After Culloden, Wolfe served on in Scotland, initially on the staff and later with his company of the 4th foot at Inversnaid, until recalled to Flanders in late November. Granted six weeks' leave first, he entered into negotiations to buy out Major Thomas Lacy of the 33rd foot, and although the promotion was recorded in the relevant commission and notification books as taking effect from 5 February 1747 it ultimately proved abortive, probably because Wolfe's father was unable to advance him the money. This was doubly unfortunate, for on 9 May Cumberland-apparently assuming that the purchase was still to proceed-recommended that Wolfe should also be allowed to purchase the vacant lieutenant-colonelcy of his father's 8th foot. However, without having first obtained the substantive regimental rank of major he was unable to do so and consequently returned to the continent still a captain. There he served as major of brigade to Sir John Mordaunt and was badly wounded at the battle of Laffeldt on 21 June. Shot through the body, he was first taken to hospital, then returned home until the following March, when he was appointed major of brigade to Major-General Thomas Fowke.
Battalion commander
In April, Cumberland again tried to engineer Wolfe's promotion, and as Wolfe explained to his father:
as a secret, [Colonel Yorke] told me H. R. H. intended … that he would give me the Major's commission of Bragg's [28th] regiment for nothing, and (as he was pleased to say) in order to my being Lieutenant Colonel of it, for Jocelyn is dying. (Life and Letters, 12 April 1748)

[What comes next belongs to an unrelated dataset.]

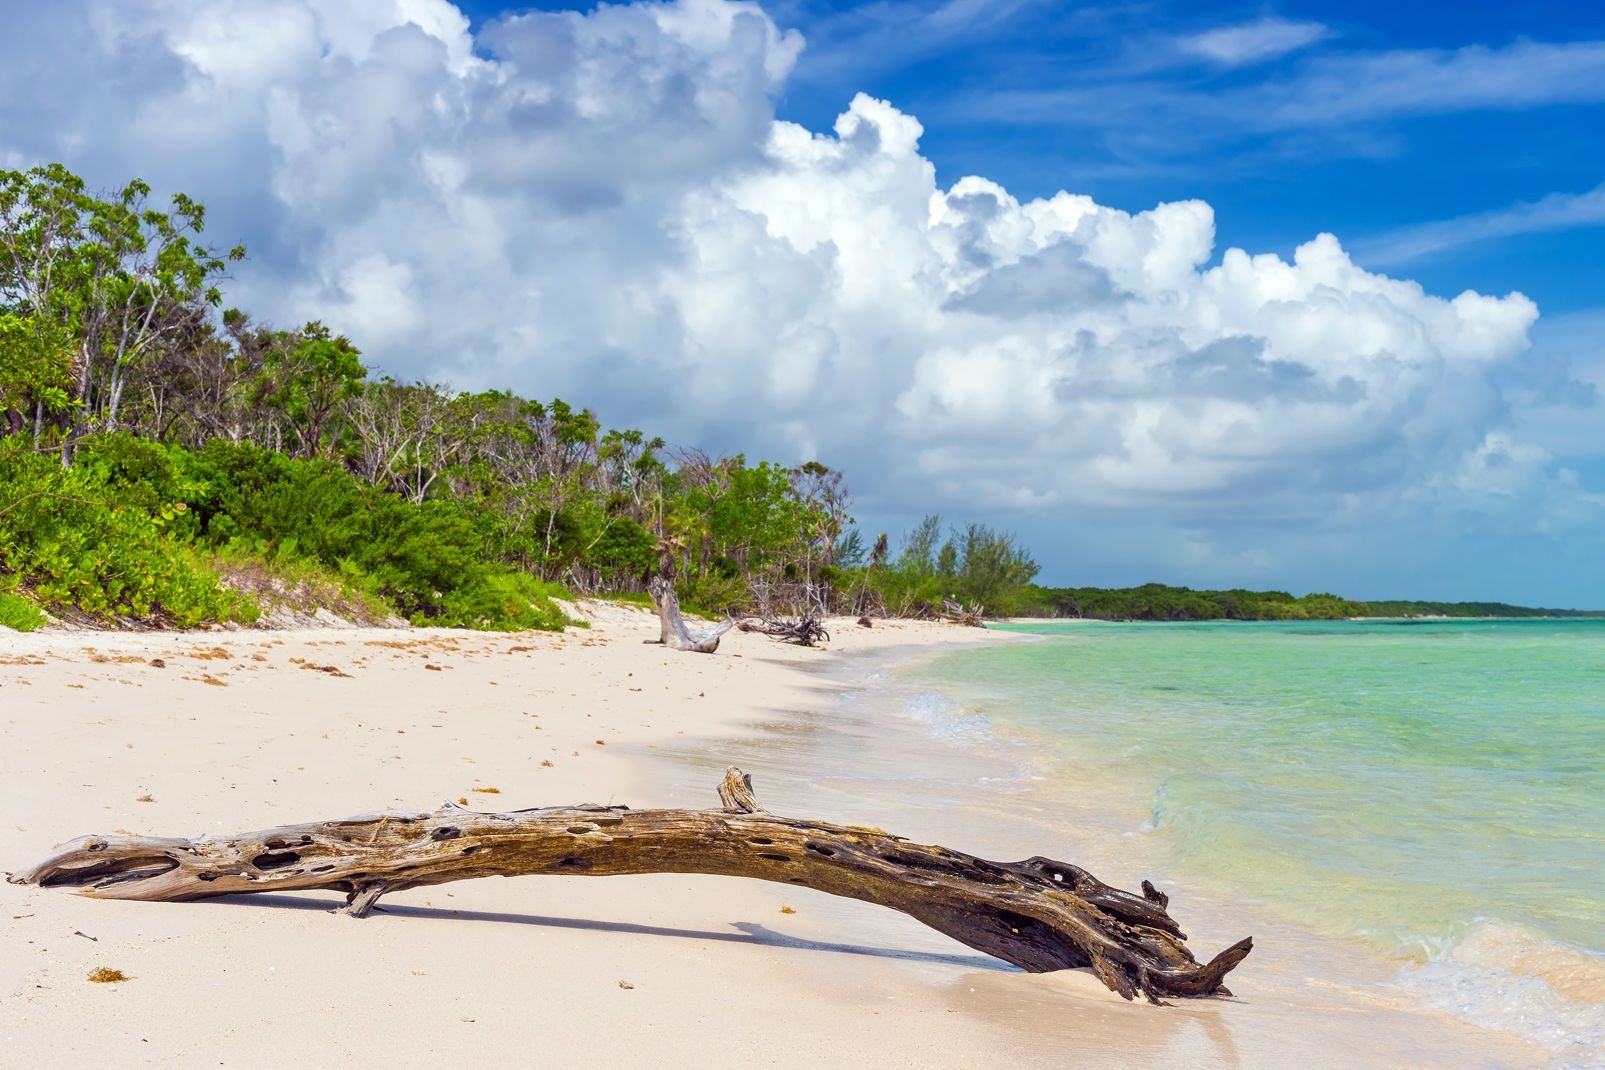 Au large de la côte nord de Cuba, c'est un bout du monde vert et blanc posé dans les eaux turquoise de l'Atlantique. Des kilomètres de sable, une forêt dense, de la mangrove et pour seuls habitants des flamants roses à la pelle, l'archipel de Camaguey est un Varadero sauvage, un repaire de Robinson Crusoé. Les hôtels sont situés principalement sur l'île principale de Cayo Coco, reliée au continent ...

Unfortunately this scheme also failed but, as a result of some equally complicated manoeuvring by Cumberland, Wolfe eventually became major of Lord George Sackville's 20th foot, on 5 January 1749. At the same time the regiment's lieutenant colonel, Edward Cornwallis, was posted to Nova Scotia in the expectation that he would soon succeed the dying Richard Phillips as colonel of the 40th foot. As a result Wolfe was at once placed in day-to-day command of the 20th foot, with the imminent prospect of becoming lieutenant colonel, without purchase, in succession to Edward Cornwallis. Wolfe, however, was far from satisfied. The regiment was then stationed in Glasgow and as the only field officer actually on duty with the regiment he was forbidden to take any leave. Consequently he complained to his old friend William Rickson: 'I am by no means ambitious of command when that command obliges me to reside far from my own, surrounded either with flatterers or spies and in a country not at all to my taste'. In the event Cornwallis did not succeed Phillips until over a year later and by that time George Keppel, Viscount Bury, had replaced Sackville as colonel of the 20th foot. Initially relations between Wolfe and his new colonel were far from cordial and there was some uncertainty as to whether he would indeed become lieutenant colonel of the regiment, but at the determined instigation of his patron, Cumberland, he was promoted on 20 March 1750.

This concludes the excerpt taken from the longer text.